Each line below must be set down exactly; omit any image you find.

::: PROVIDED MATERIAL

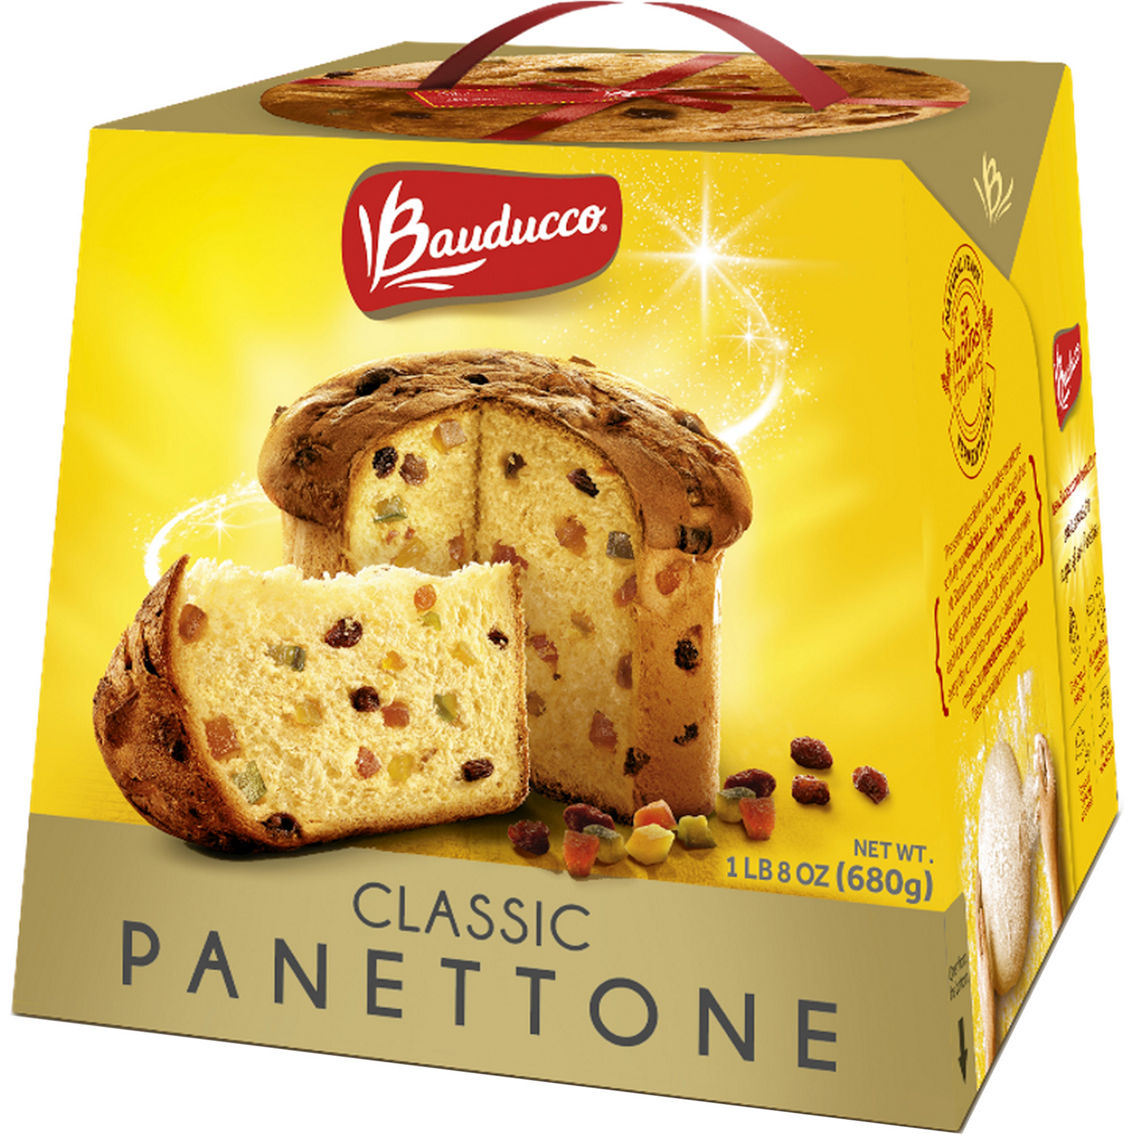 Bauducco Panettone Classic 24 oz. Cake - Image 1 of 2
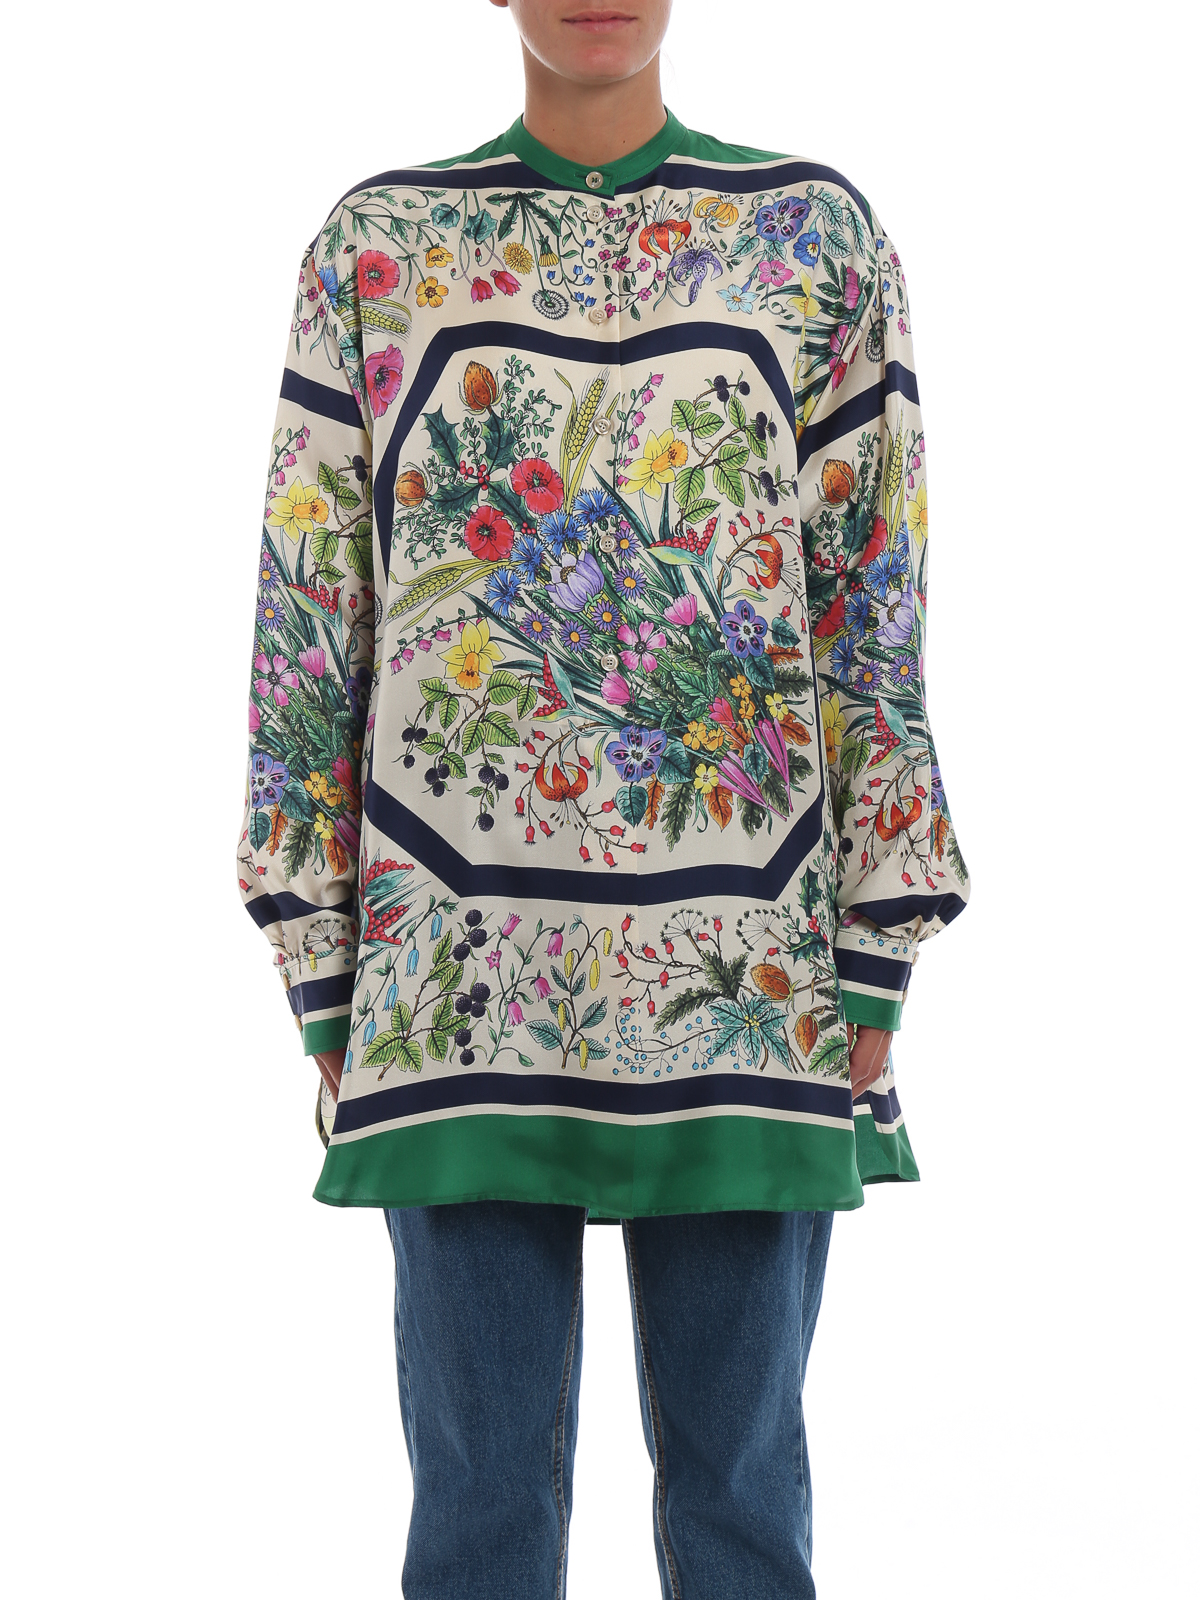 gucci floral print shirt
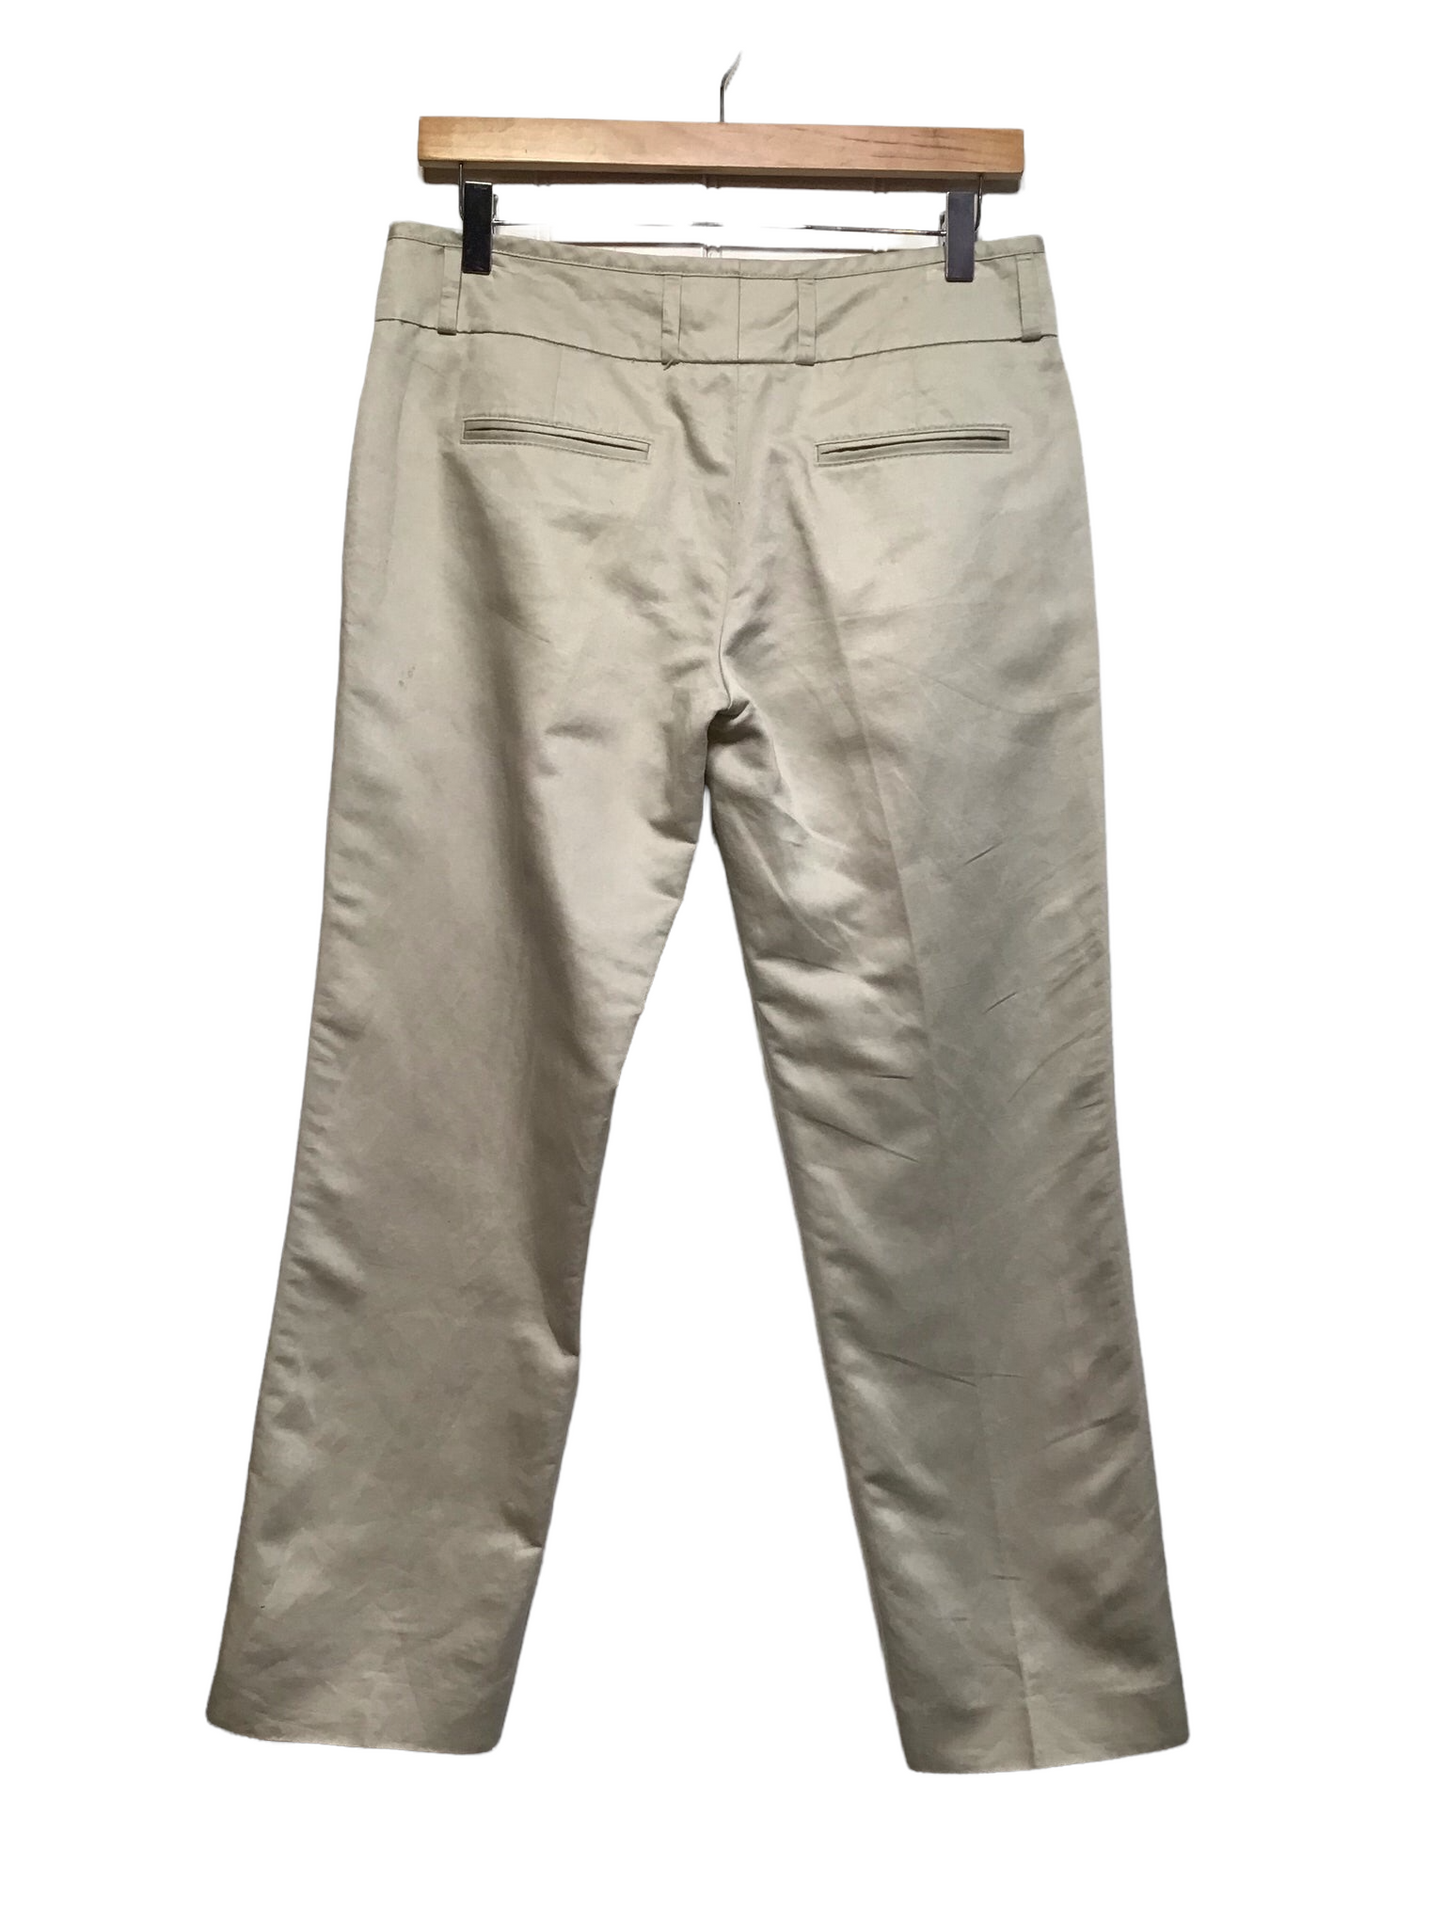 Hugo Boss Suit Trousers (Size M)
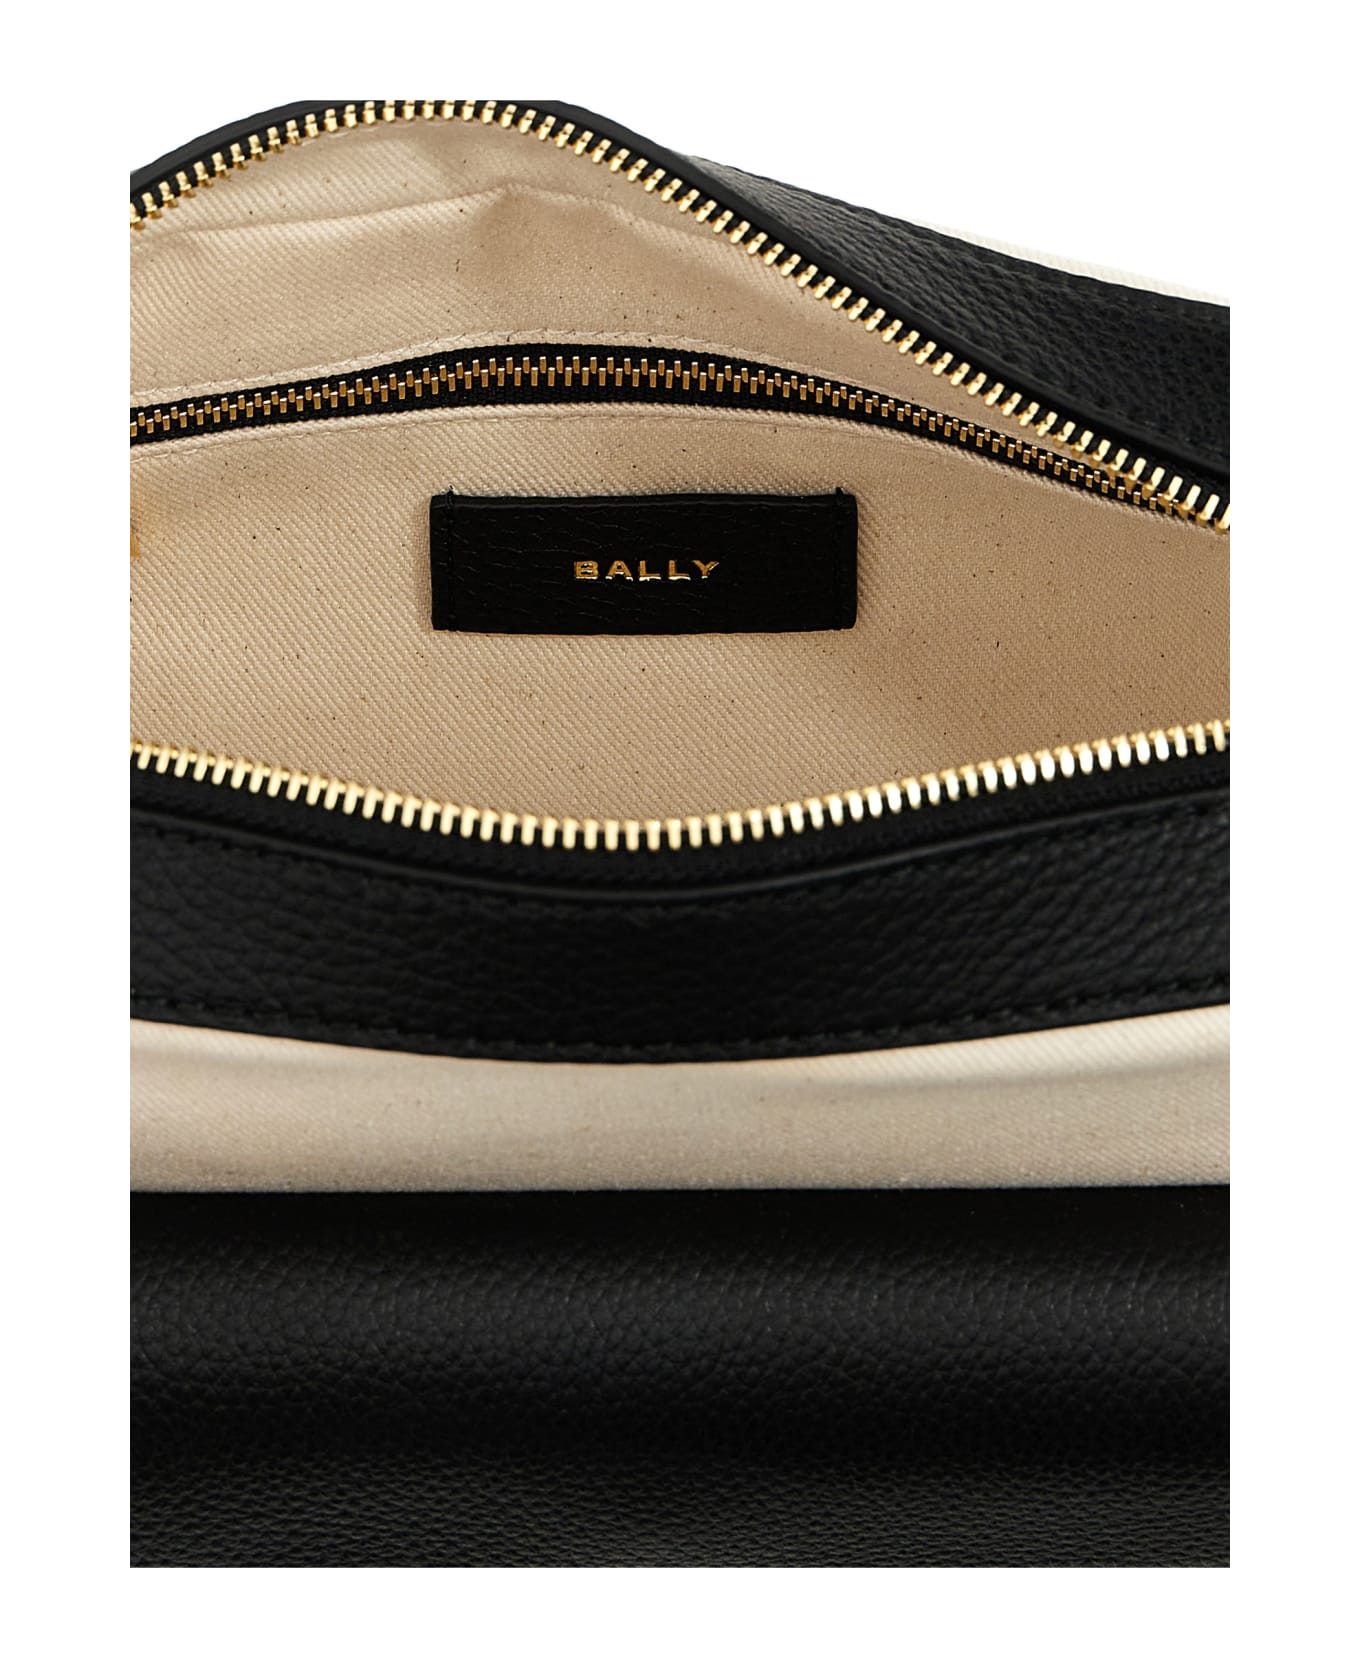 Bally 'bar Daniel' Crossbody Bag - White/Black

::::::

* SOLUTION BELOW *
 Bauducco Panettone Classic 24 oz. Cake - Image 1 of 2
 gucci floral print shirt
 Hugo Boss Suit Trousers (Size M)
 Bally 'bar Daniel' Crossbody Bag - White/Black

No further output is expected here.